Celebramos, en el homenaje que la Universidad Autónoma de Madrid rinde todos los años a Francisco Tomás y Valiente, la feliz idea de programar en un solo evento todos los conciertos de Brandeburgo concebidos por Bach alrededor de 1721. Nos llegan de la mano del maestro John Butt y de su formación, el Dunedin Consort. Se trata de un conjunto eficientemente pertrechado para ofrecer una interpretación de las llamadas “históricas”, aquellas que, entre otras cosas, proponen una ejecución de la música usando los mismos instrumentos que se requerían en una época particular, y que no han experimentado ni en su estructura ni en su timbre reformas ulteriores. La formación, pues, vino provista de unos músicos excepcionales y esforzados que, sin duda, dieron lo mejor de sí ante unos instrumentos no siempre fáciles de domeñar.

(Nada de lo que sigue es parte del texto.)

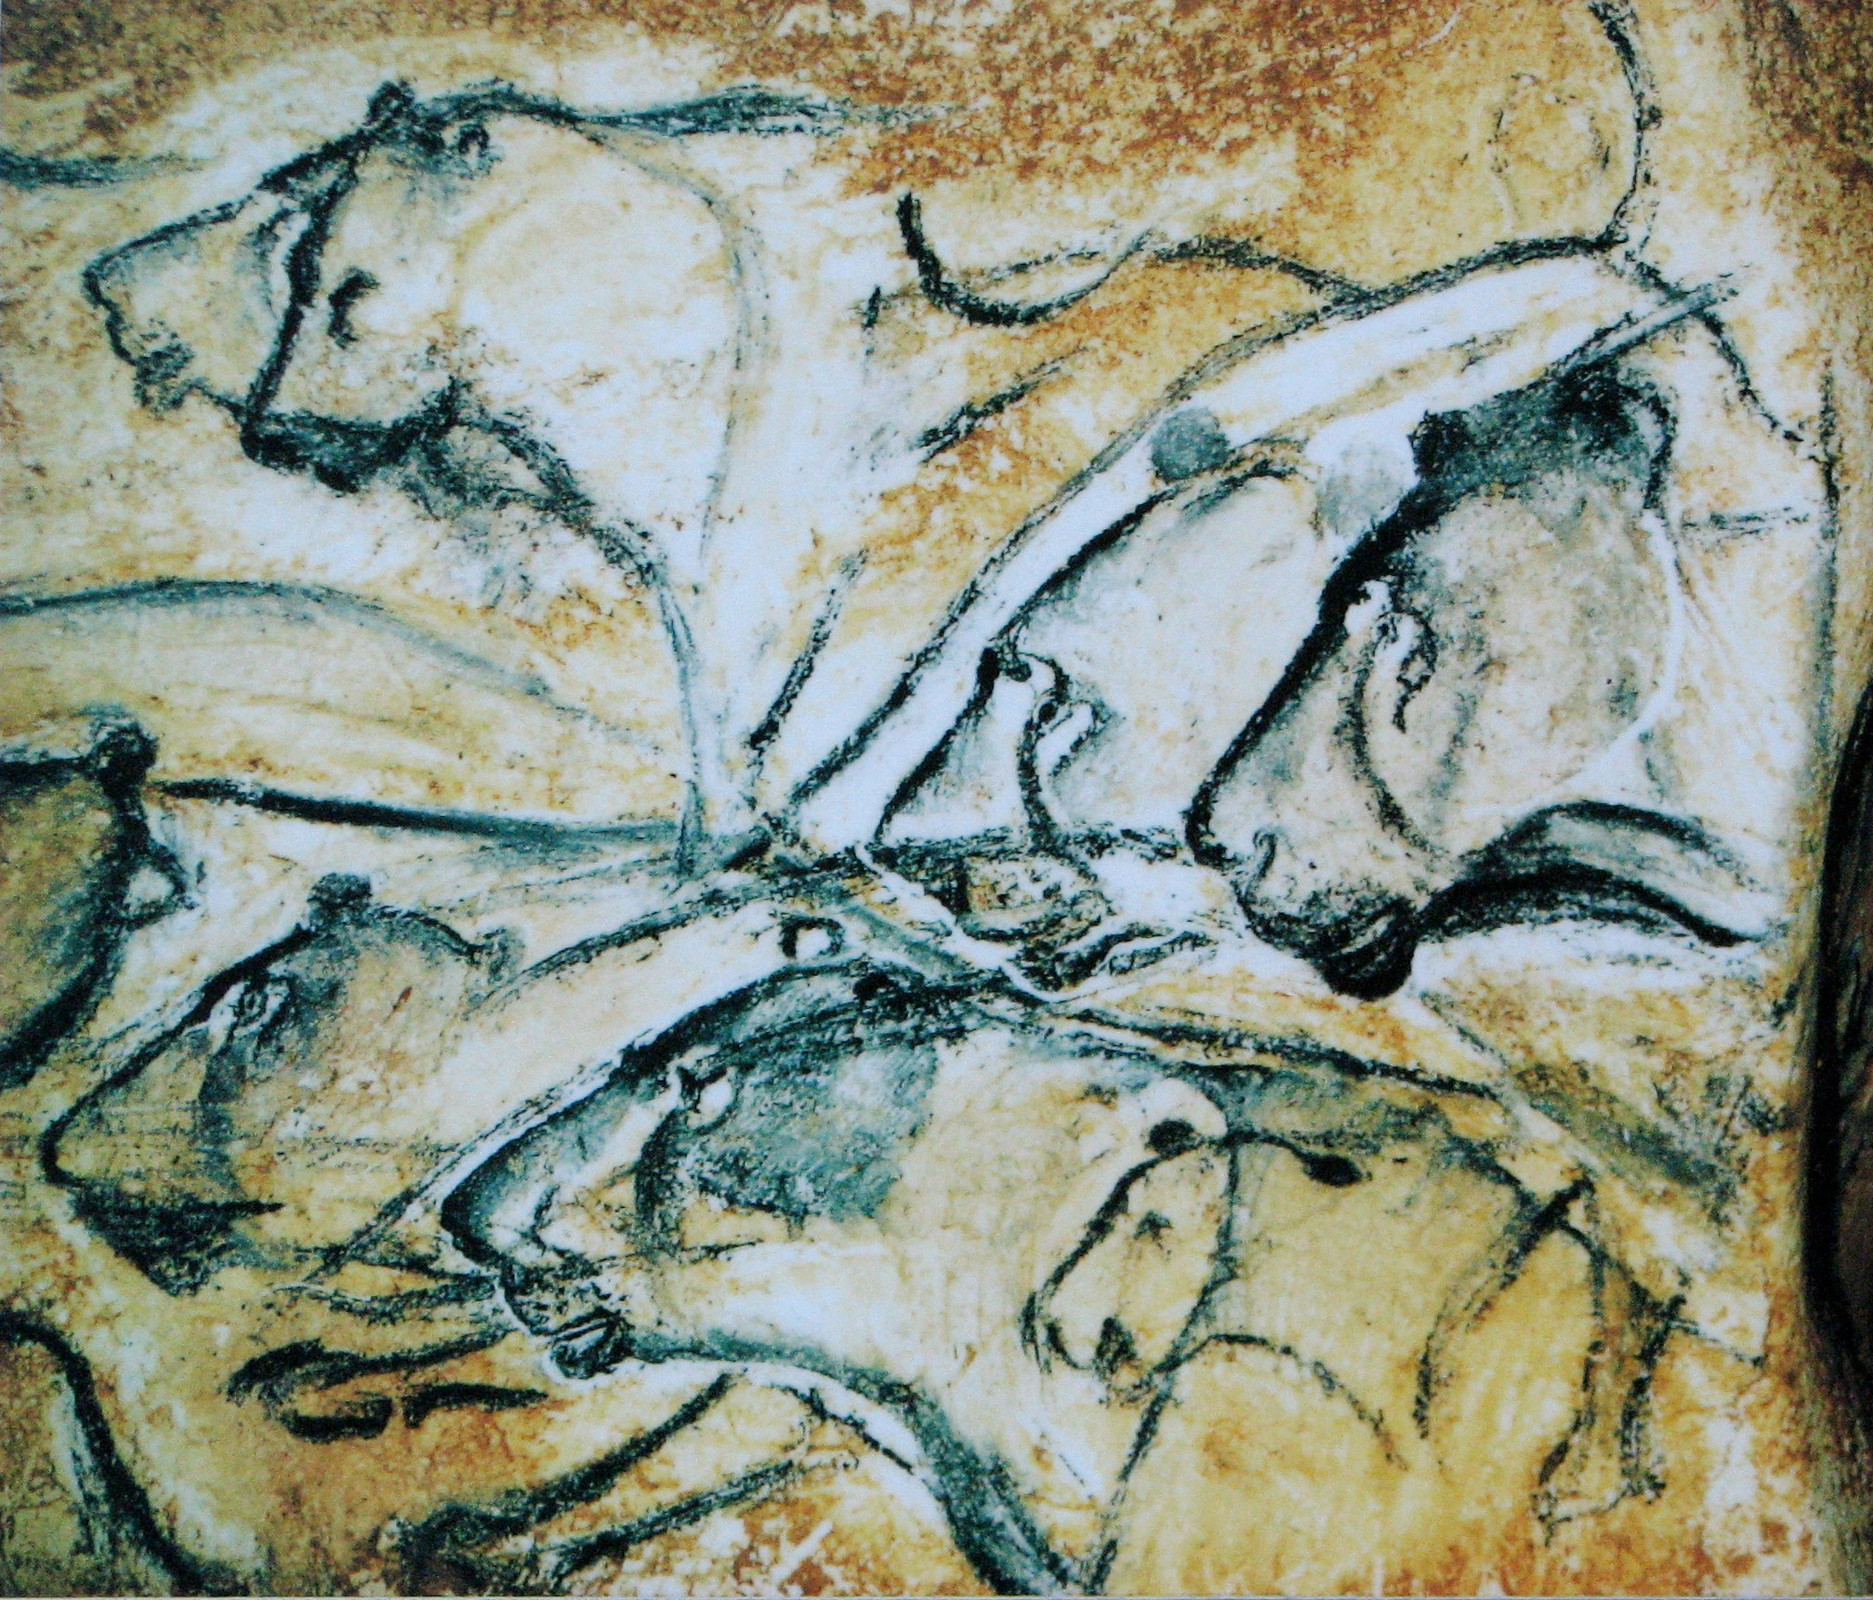 Реплика изображения львов из&nbsp;пещеры Шове // HTO, from Wikimedia Commons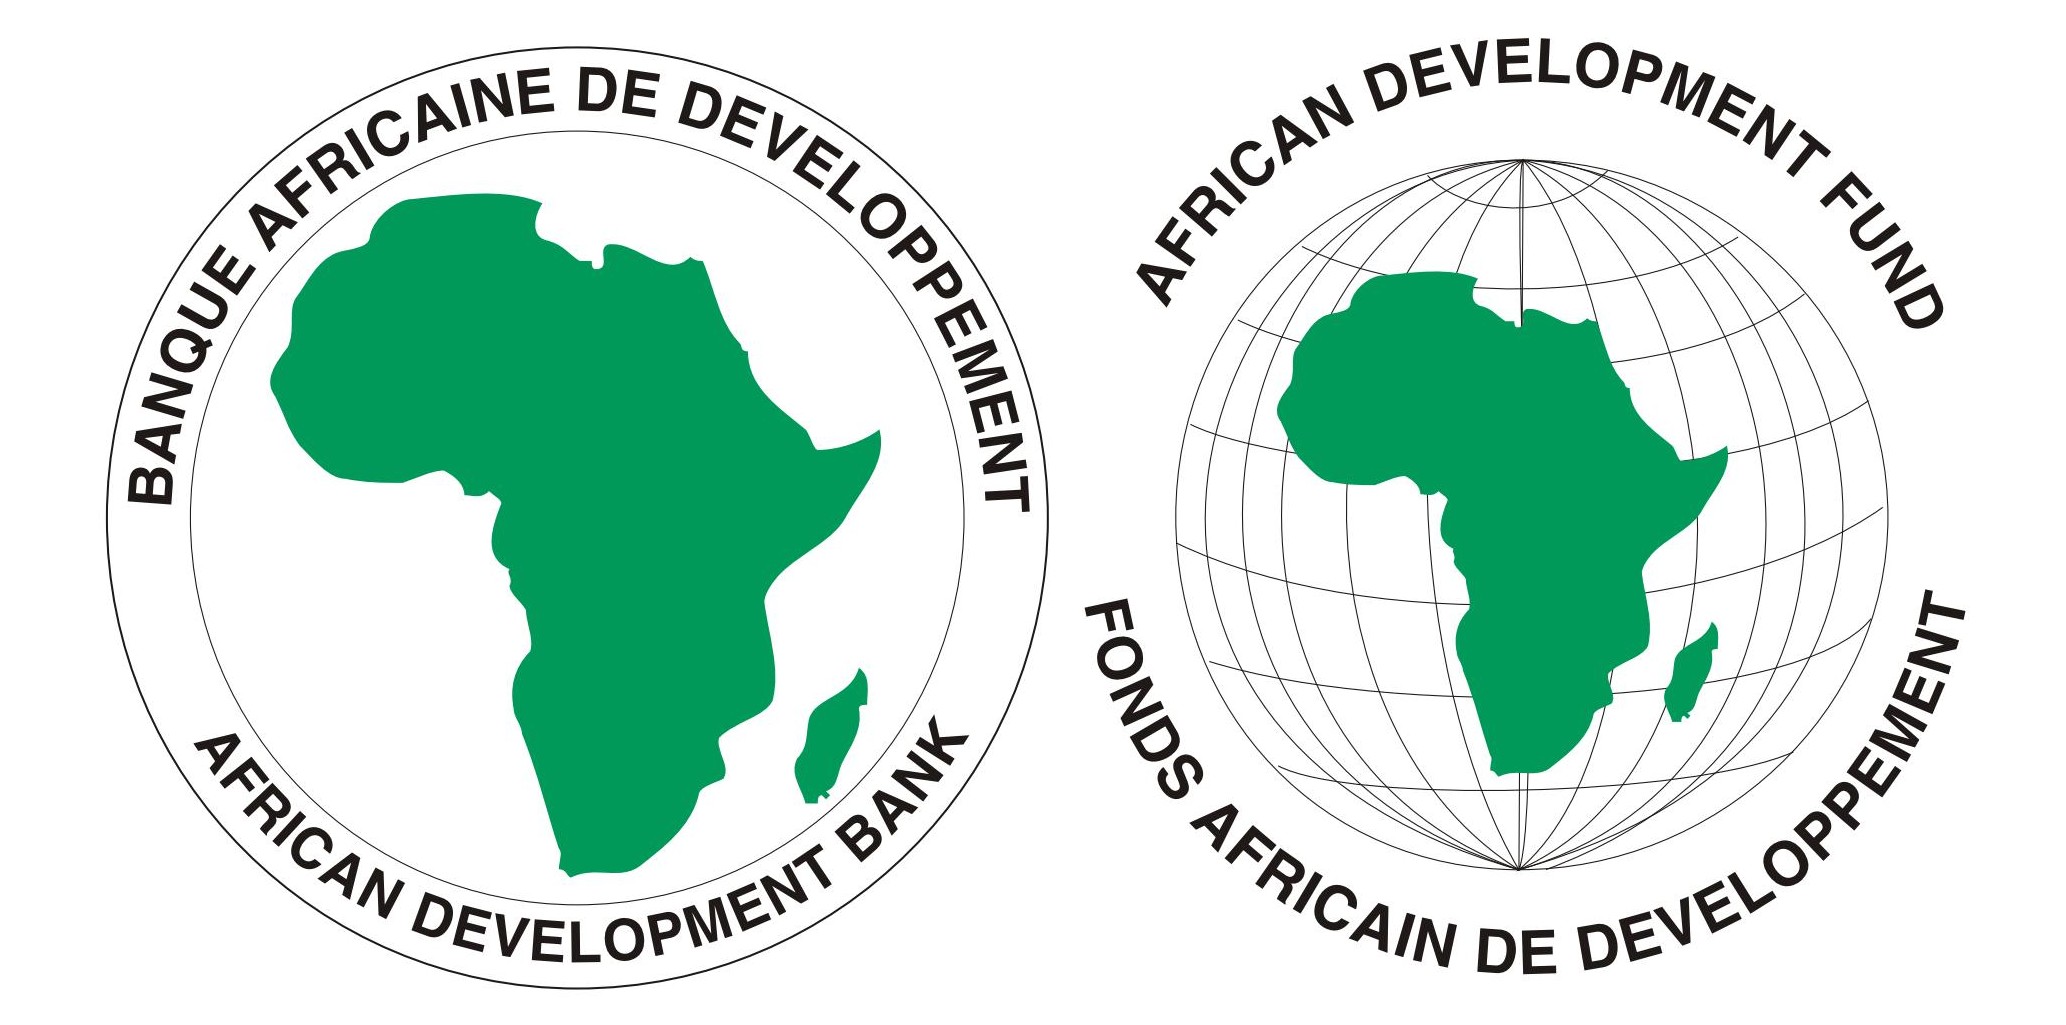 African Developmet Bank

Le costó, por ejemplo, mucho trabajo a las trompas encontrar el sitio, la afinación y el diálogo en el Concierto núm. 1; nadie duda de la dificultad de la escritura de Bach para este singular instrumento, ni de las habilidades extraordinarias que demanda a sus ejecutantes, pero el caso es que la intervención de las trompas terminó por dar al traste un entramado eficientemente construido, y por ensombrecer el meritorio trabajo del oboe y el fagot. Múltiples errores en la afinación, numerosas notas falsas y notorios desequilibrios en el diálogo con el resto de los instrumentos desmerecieron el enfoque de un primer concierto que, eso sí, brilló en la elección de un tempo que resultó vivo y exultante.

John Butt al frente del Dunedin Consort © Dunedin Consort
John Butt al frente del Dunedin Consort
© Dunedin Consort

A continuación, ya sin las trompas, y tras un largo espacio de tiempo dedicado a recuperar la afinación, la formación comenzó a recuperarse en el Concierto núm. 6; y ya pudimos apreciar sin preponderancias tímbricas el hábil contrapunto diseñado por Bach y las calidades indiscutibles en el fraseo y en la articulación. Cierto que aún echamos de menos algo de contraste entre los movimientos, que en general mostraron un carácter similar, así como un poco más de brío y entusiasmo.

Una avalancha de toses y ruidos perpetrados al término de este Concierto núm. 6 comenzó a sugerir el requerimiento de un revulsivo inmediato para evitar la caída del recital. Y este vino, en el Concierto núm. 5, de la mano de dos intervenciones tan excepcionales como inolvidables: la del propio director, esta vez decididamente involucrado en el clave; y la de la extraordinaria flautista Katy Bircher, que sin duda conmovió y convenció con un sonido debidamente comedido, pero al mismo tiempo omnipresente y generoso. Quienes conocen este Concierto núm. 5 saben que el clavecinista no debe despistarse, pues la proliferación de trampas y dificultades puede desmoronar todo el entramado: John Butt demostró no solamente estar al tanto de la resolución de todas las dificultades de la dirección, sino que además evidenció que se trata de un clavecinista apabullante y resolutivo. Por su parte, la orquesta supo adecuar y adaptar su sonido conjunto para favorecer que el del clave individual pudiera destacarse y alcanzar sin restricciones todos los rincones del auditorio.

A partir de aquí, y especialmente tras el descanso, el concierto tomó un rumbo mucho más ameno y brillante, adoptando colores más vivos y sugerentes, las más de las veces producidos por un enfoque rítmico que siempre derivaba hacia delante, aún en los movimientos lentos, y por una cuidadísima dirección de la articulación de los motivos y de los fraseos. Particularmente interesante resultó la interpretación del alegre Concierto núm. 3, comandado únicamente por las cuerdas y por un clave mucho más comedido que en el anterior ejemplo. Volvió a ensombrecerse el asunto momentáneamente con la intervención de una trompeta desafinada en el Concierto núm. 2, pero el solista supo ordenar su afinación y su temperamento sonoro, devolviendo interés y desparpajo a una formación que perpetuó su buen hacer hasta los últimos compases del Concierto núm. 4, donde, repetimos, destacó la flautista Katy Bircher, esta vez compartiendo méritos con Láslzo Rózsa.

Así que, como vemos, asistimos a un concierto en cierto modo irregular, y que generó los debidos reconocimientos a los instrumentistas más comprometidos. Sin esperar grandes ovaciones, el director se dejó agradecer en dos ocasiones, y sin más, retiró a una formación que dejó el eco de unos conciertos de Brandeburgo interesantes, no cabe duda, pero tal vez no inolvidables.